In this project, we will be using a Raspberry Pi to host an Nginx-based Tor server that serves a flask built webapp constantly updating you on the connectivity status of an ESP8266. This will allow us to simulate an environment where locally deployed smart devices are made securely accessible both locally and over WAN. Let’s get into it!
Tor & Hidden Services 🧅
When people think of Tor, more often than not their mind goes to the dark web and all its innate evils. All the .onion URLs where you can buy hitmen or pay a hacker to ruin someone’s life. While all that may be true, and be accessible via Tor, that isn’t its true purpose.
Tor’s purpose, as per the official website, is to provide anonymity and encryption services to users while on the internet. Now the TLS protocol does encrypt data exchange but it is not fully secure against eavesdroppers that may be listening onto the connection.
Tor provides location proxy & data encryption services so no one can tell the location of a request’s origin or destination across a network. Tor forms onion circuits and relays before connecting to the actual site in order to mask the original IP and location of the client.

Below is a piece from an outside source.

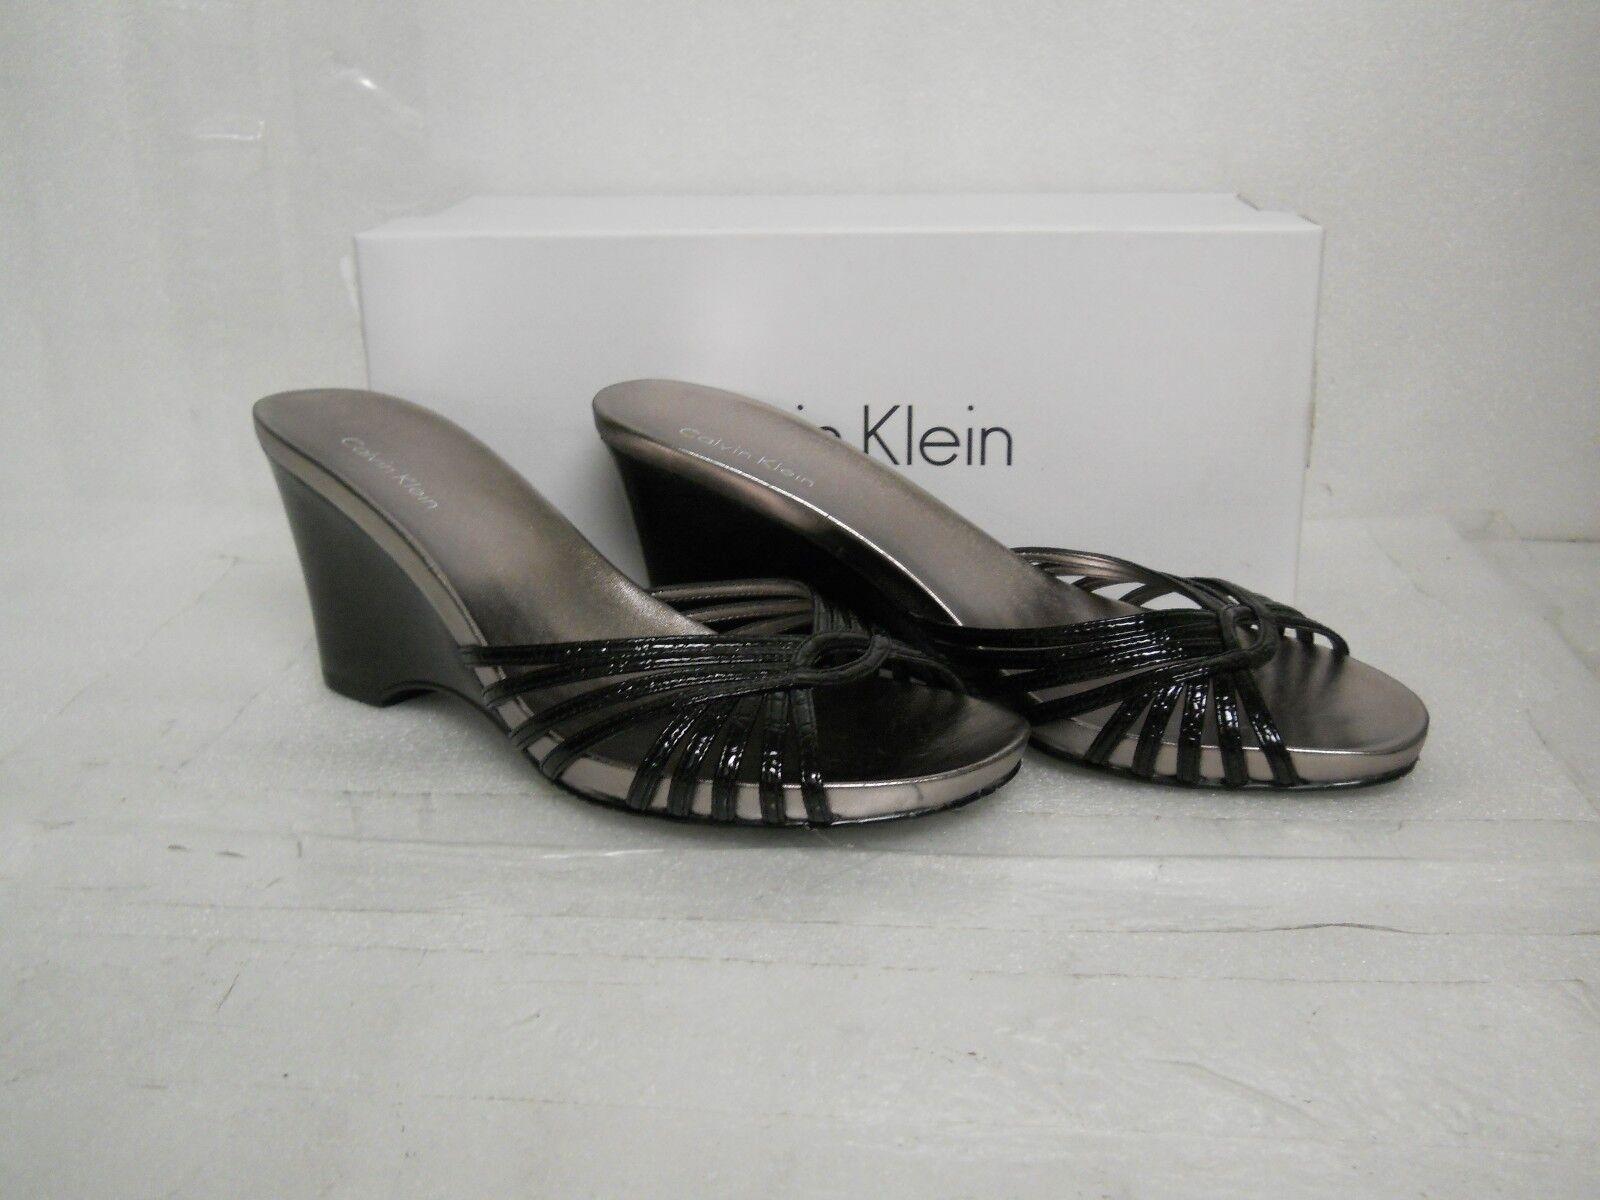 Calvin Klein NEU Damenschuhe Amanda Wedge Sandales 6.5 M Schuhes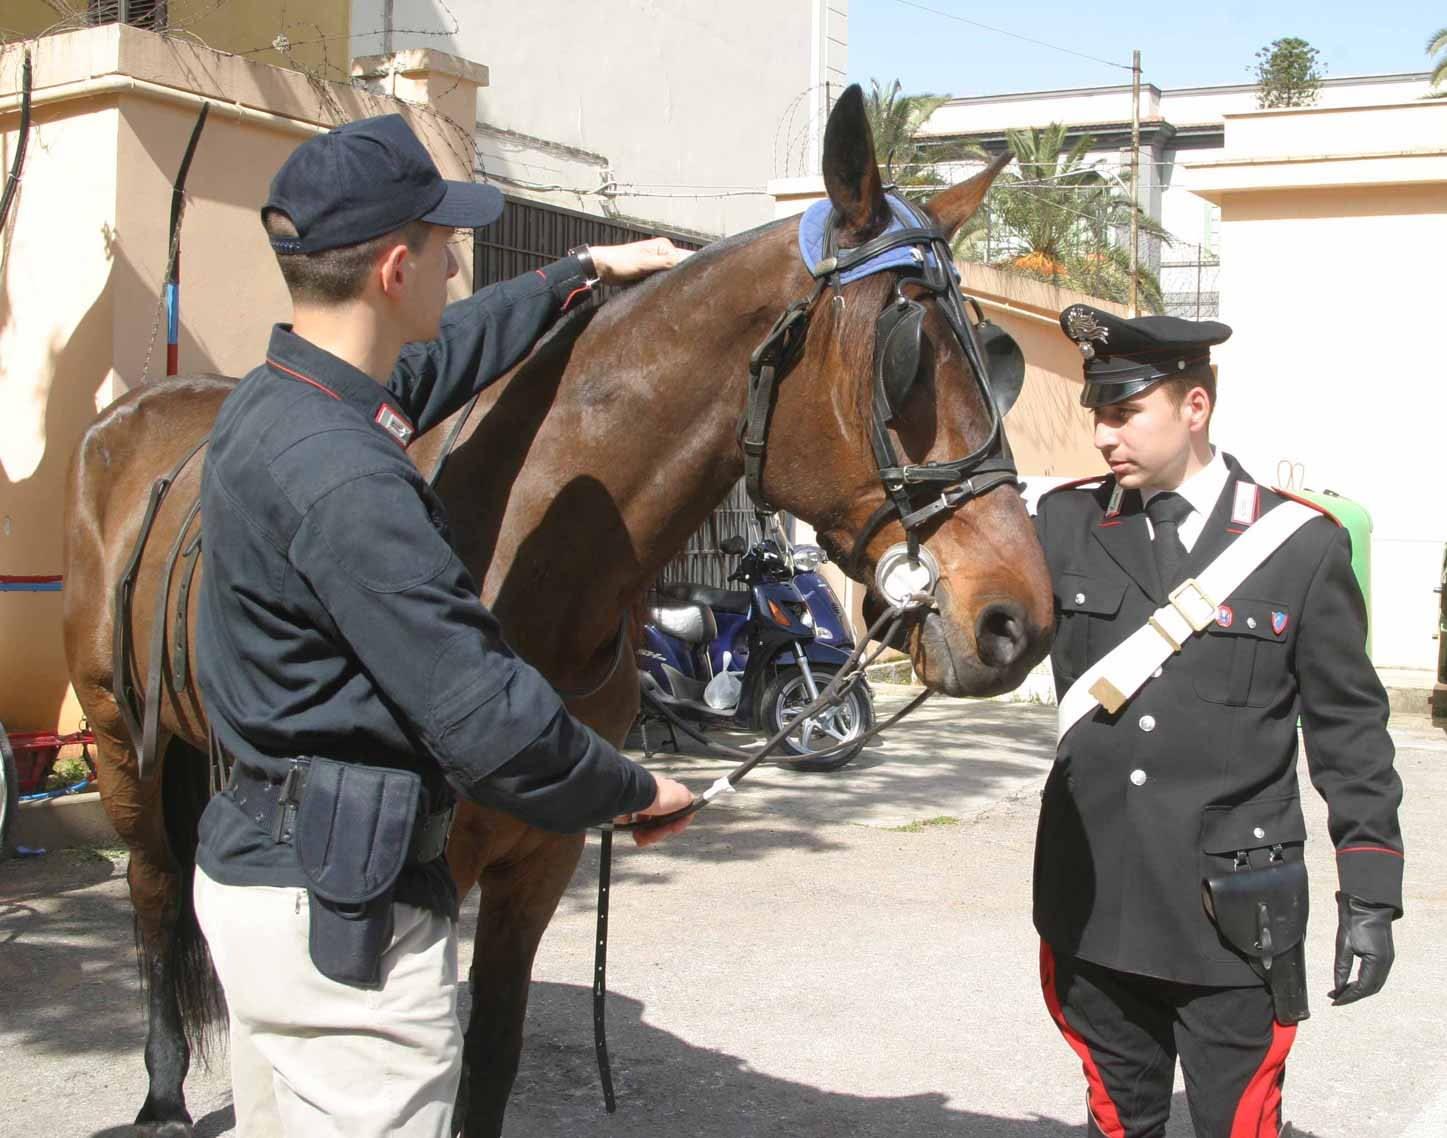 Palermo, corse clandestine di cavalli: denunciati due uomini

Now you can use Tor to access everyday sites like Google or Facebook, but you can also use Tor to access websites that are only accessible on the Tor network. Instead of using Tor as a relay to a server outside the network, these websites are established inside the Tor network itself and have a .onion URL that only Tor client browsers have the ability to access. The server hosted inside the Tor network is a Tor hidden service. If you are not familiar with how Tor or Tor relays function, this video does a good job of explaining them.
A Tor hidden service has some additional steps that both the client and the user must follow in order to establish a successful connection.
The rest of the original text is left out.